Give again, unaltered, the line with "AMD RADEON 9600XT DRIVERS FOR WINDOWS VISTA" and all lines that follow it in the listing below, minus any pictures.

Dataset extract:

┏━━

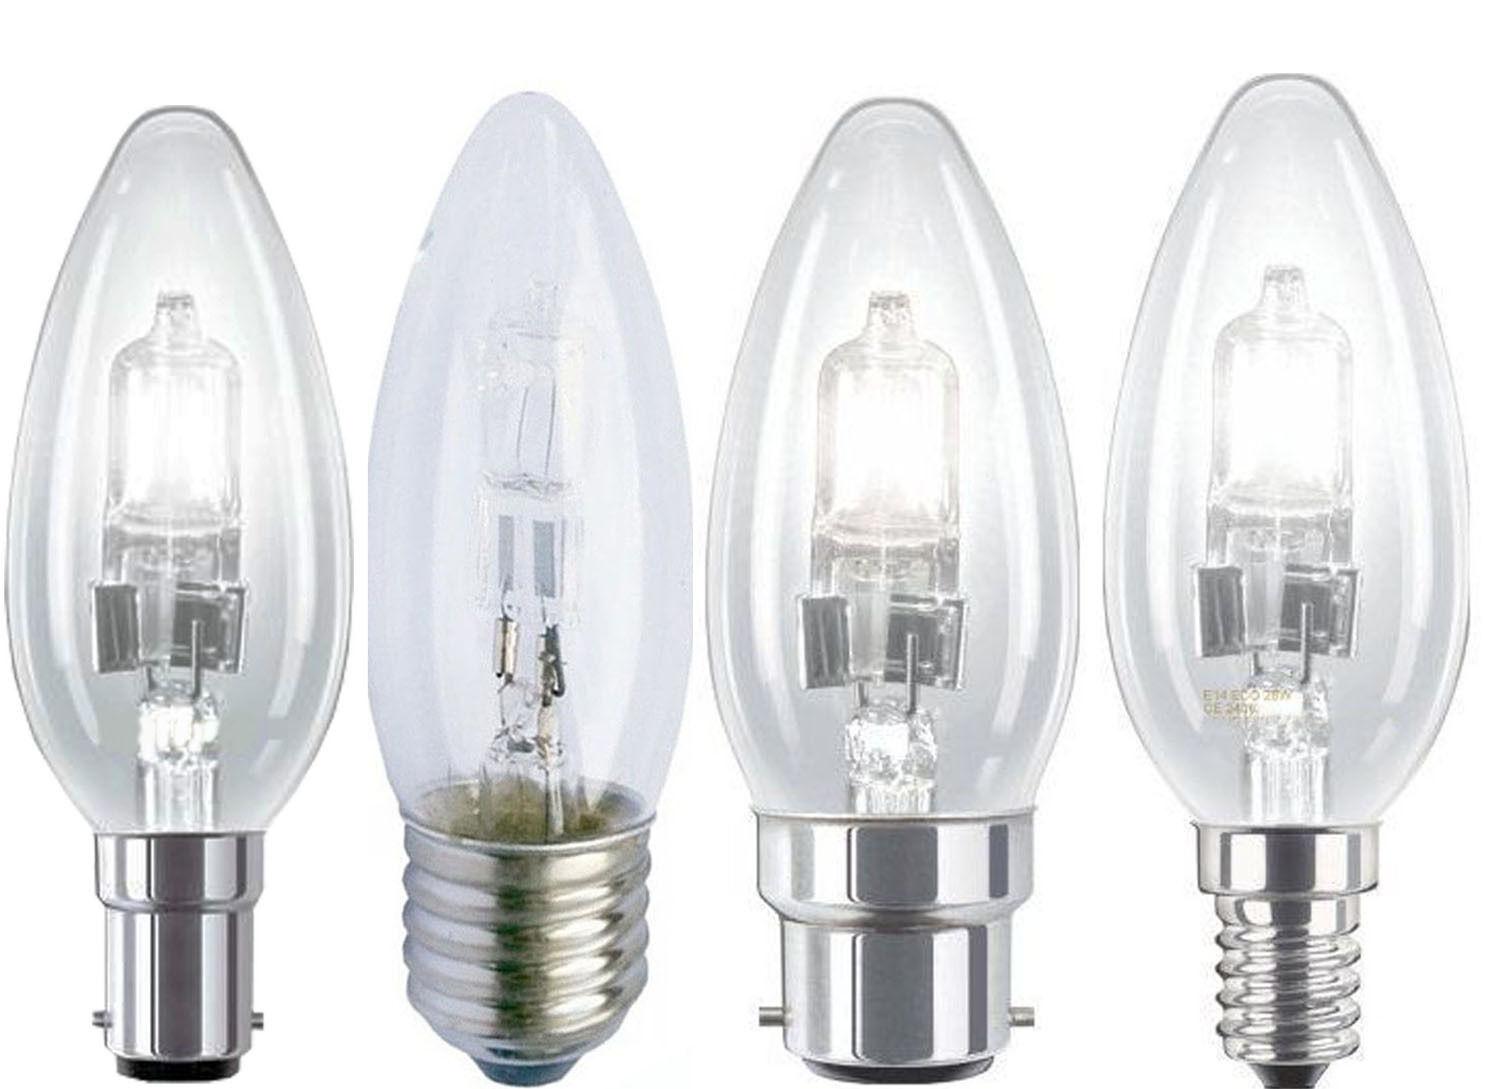 Light Bulbs Lighting 10 x 25w Watt B15 B15d Clear Bayonet Cap Base Fitting Dimmable Candle Bulb Bulbs
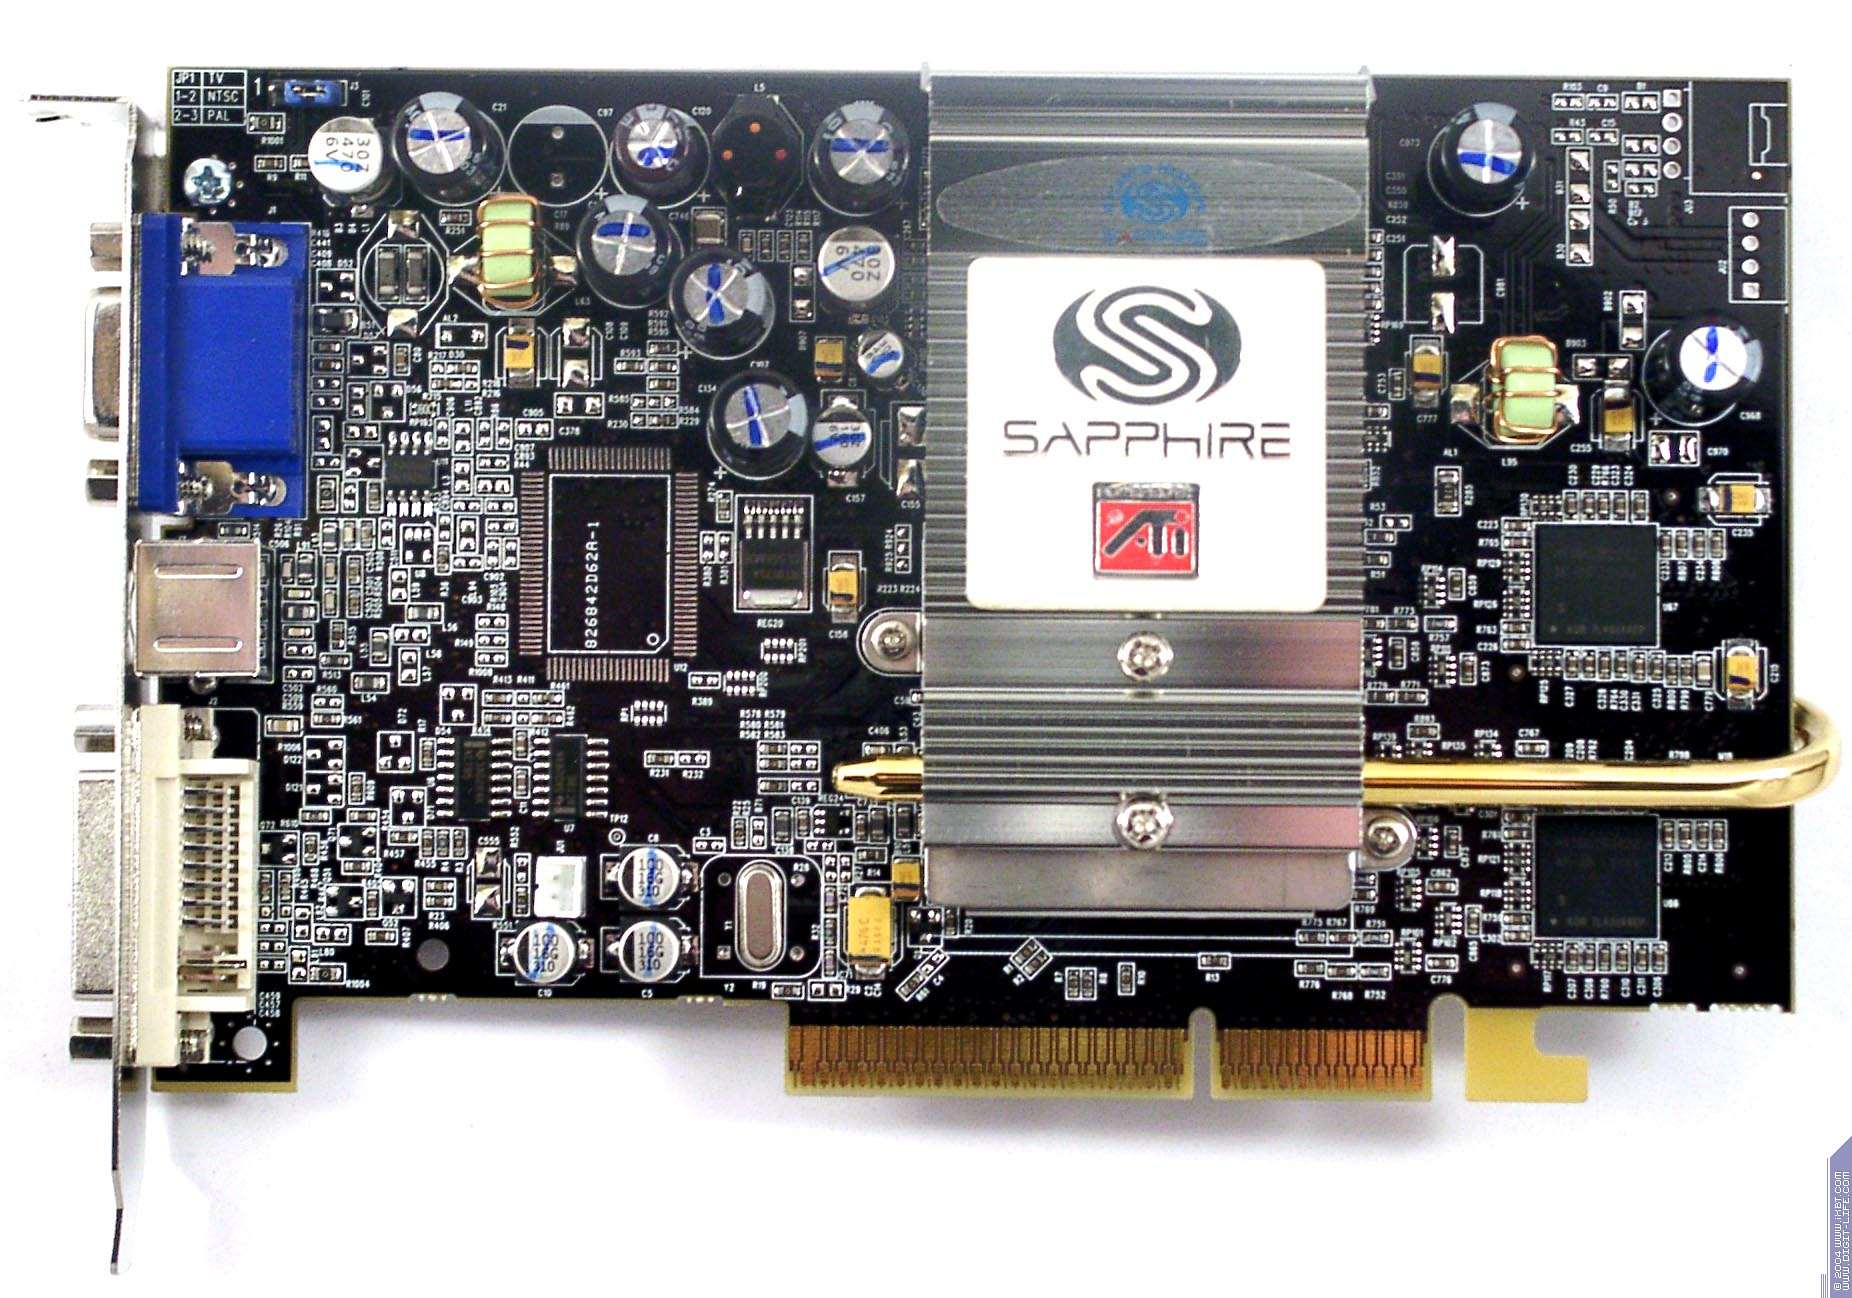 AMD RADEON 9600XT DRIVERS FOR WINDOWS VISTA
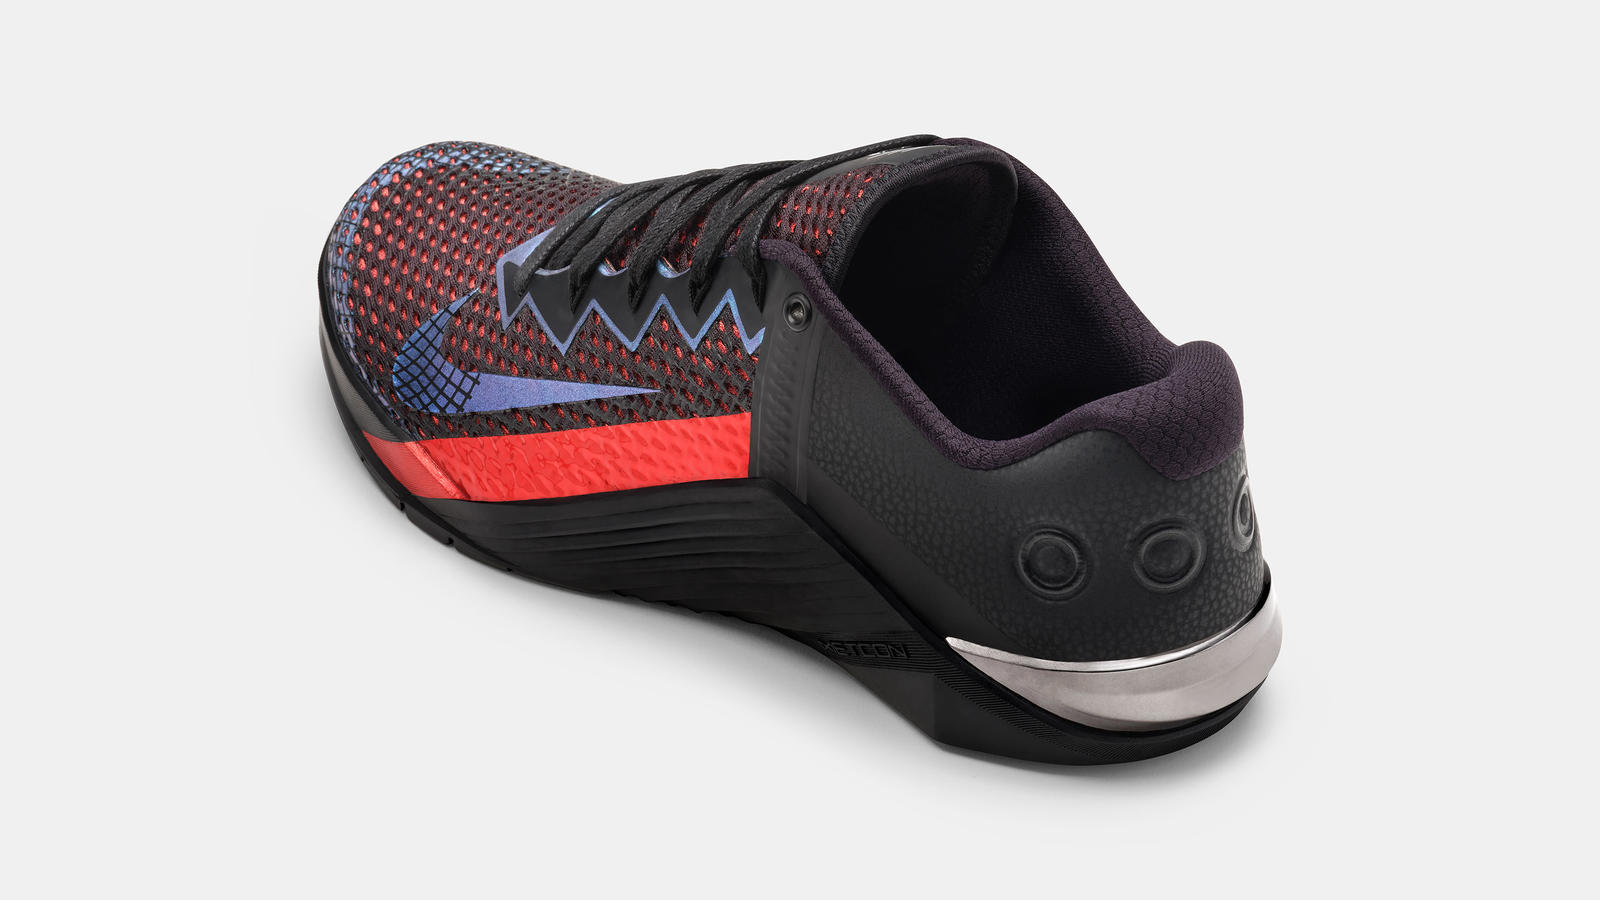 mat fraser nike shoes
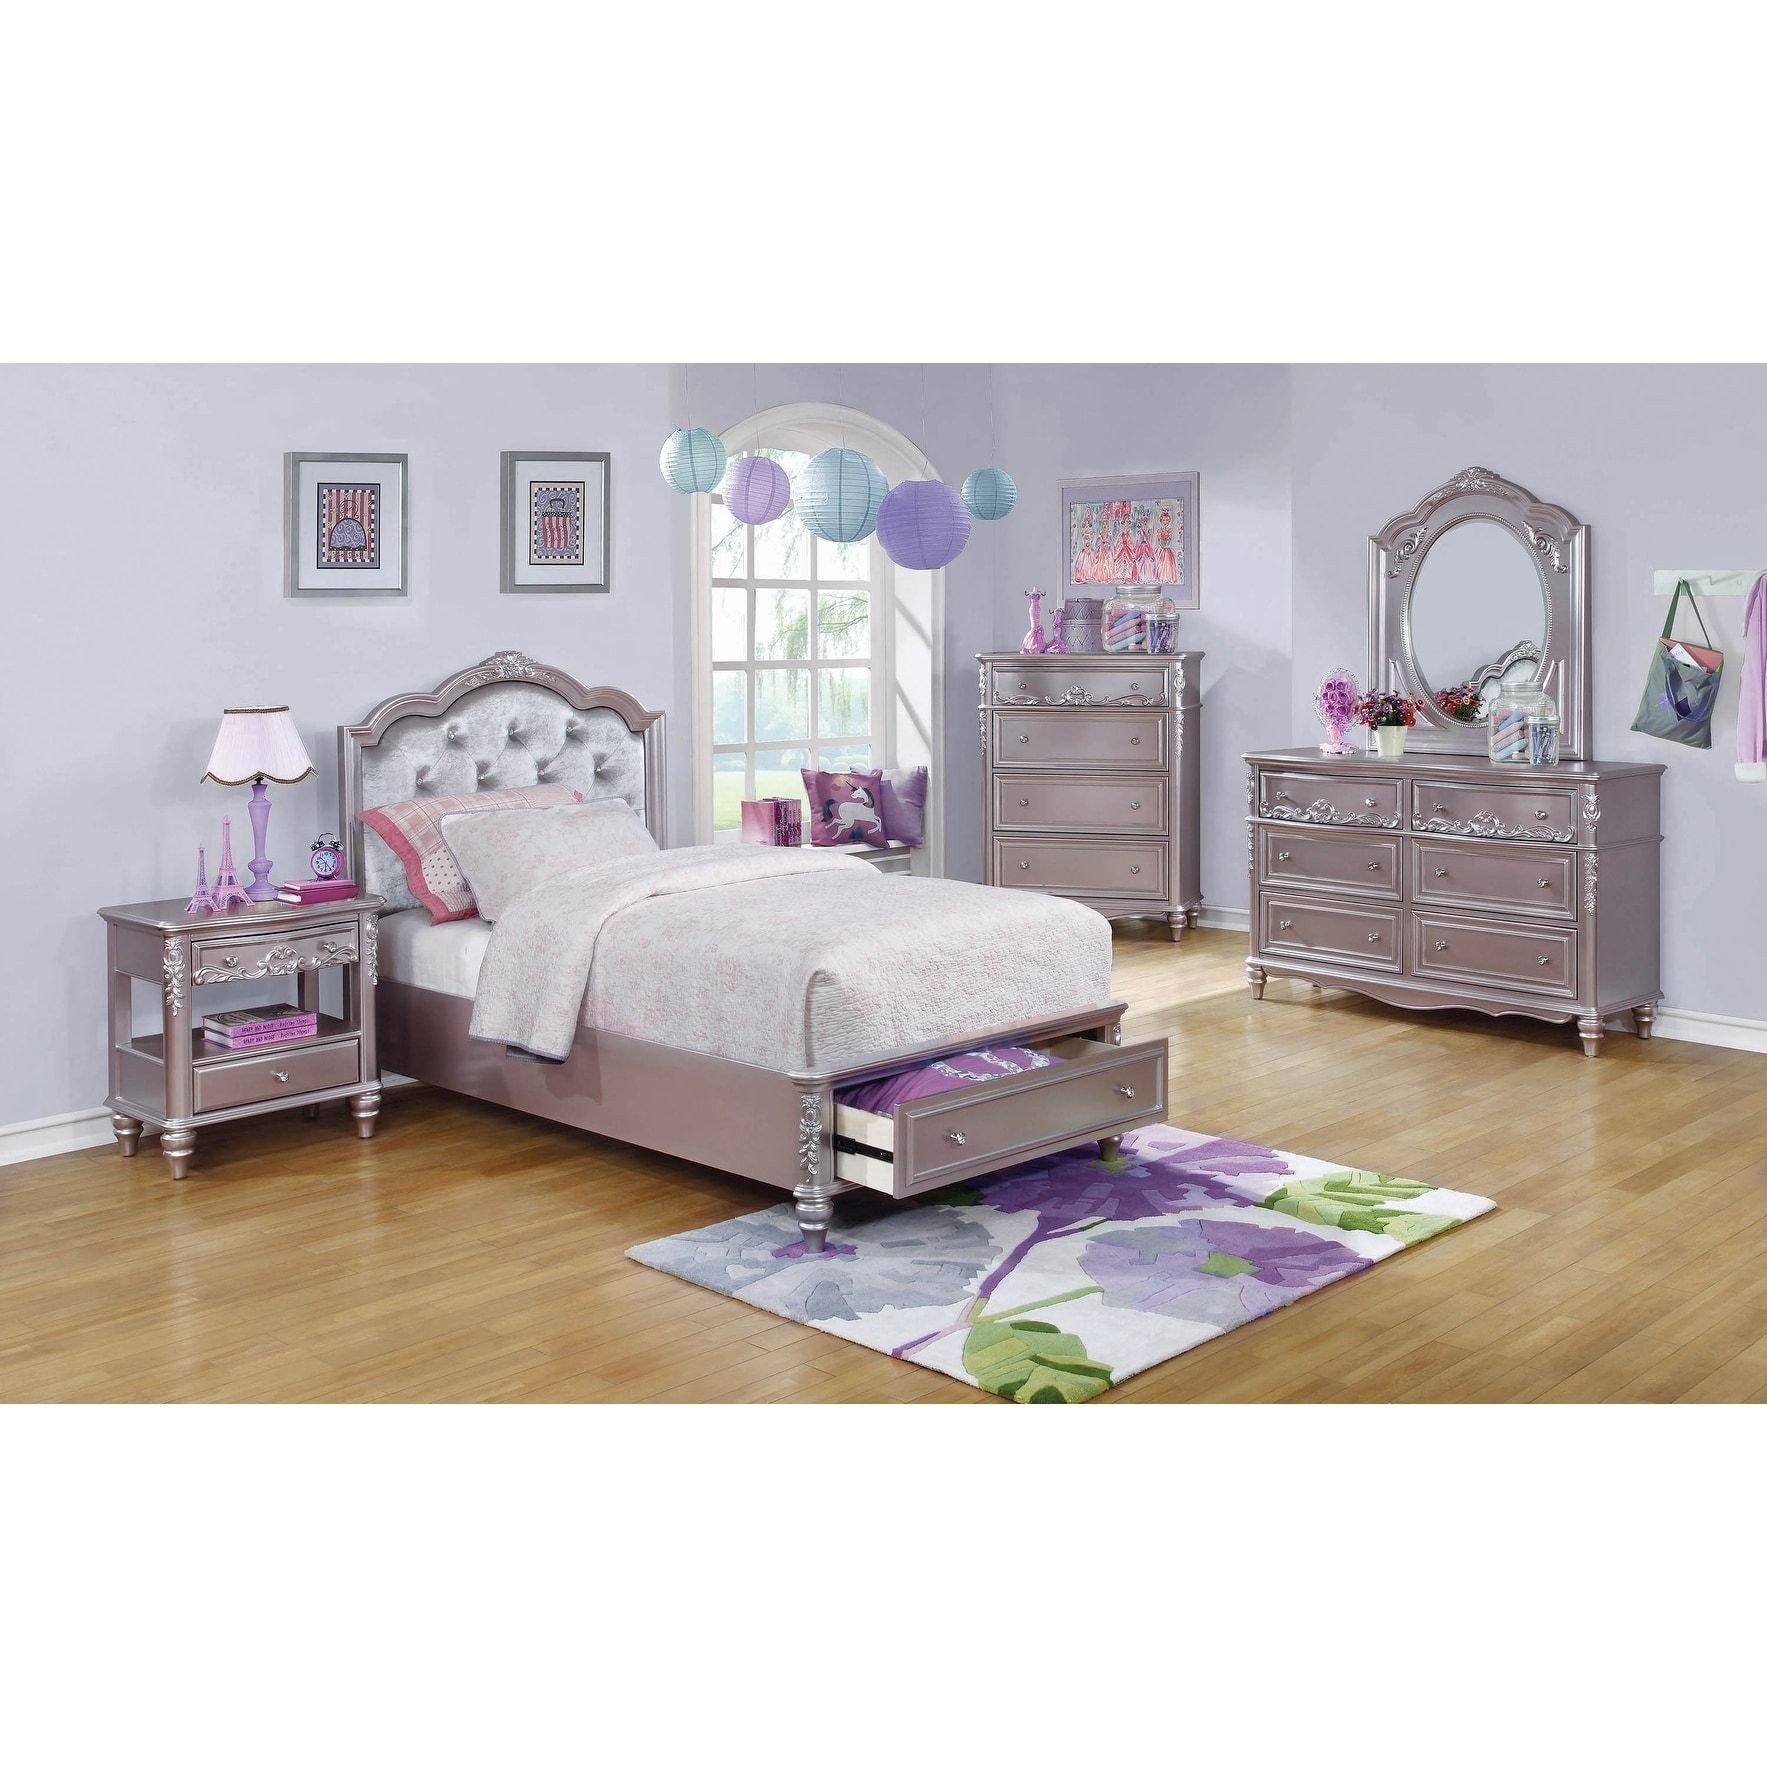 Sofia Vergara Bedroom Set New Seraphina Metallic Lilac 4 Piece Bedroom Set with 2

┗━━

Finished task:
 AMD RADEON 9600XT DRIVERS FOR WINDOWS VISTA
 mat fraser nike shoes
 Sofia Vergara Bedroom Set New Seraphina Metallic Lilac 4 Piece Bedroom Set with 2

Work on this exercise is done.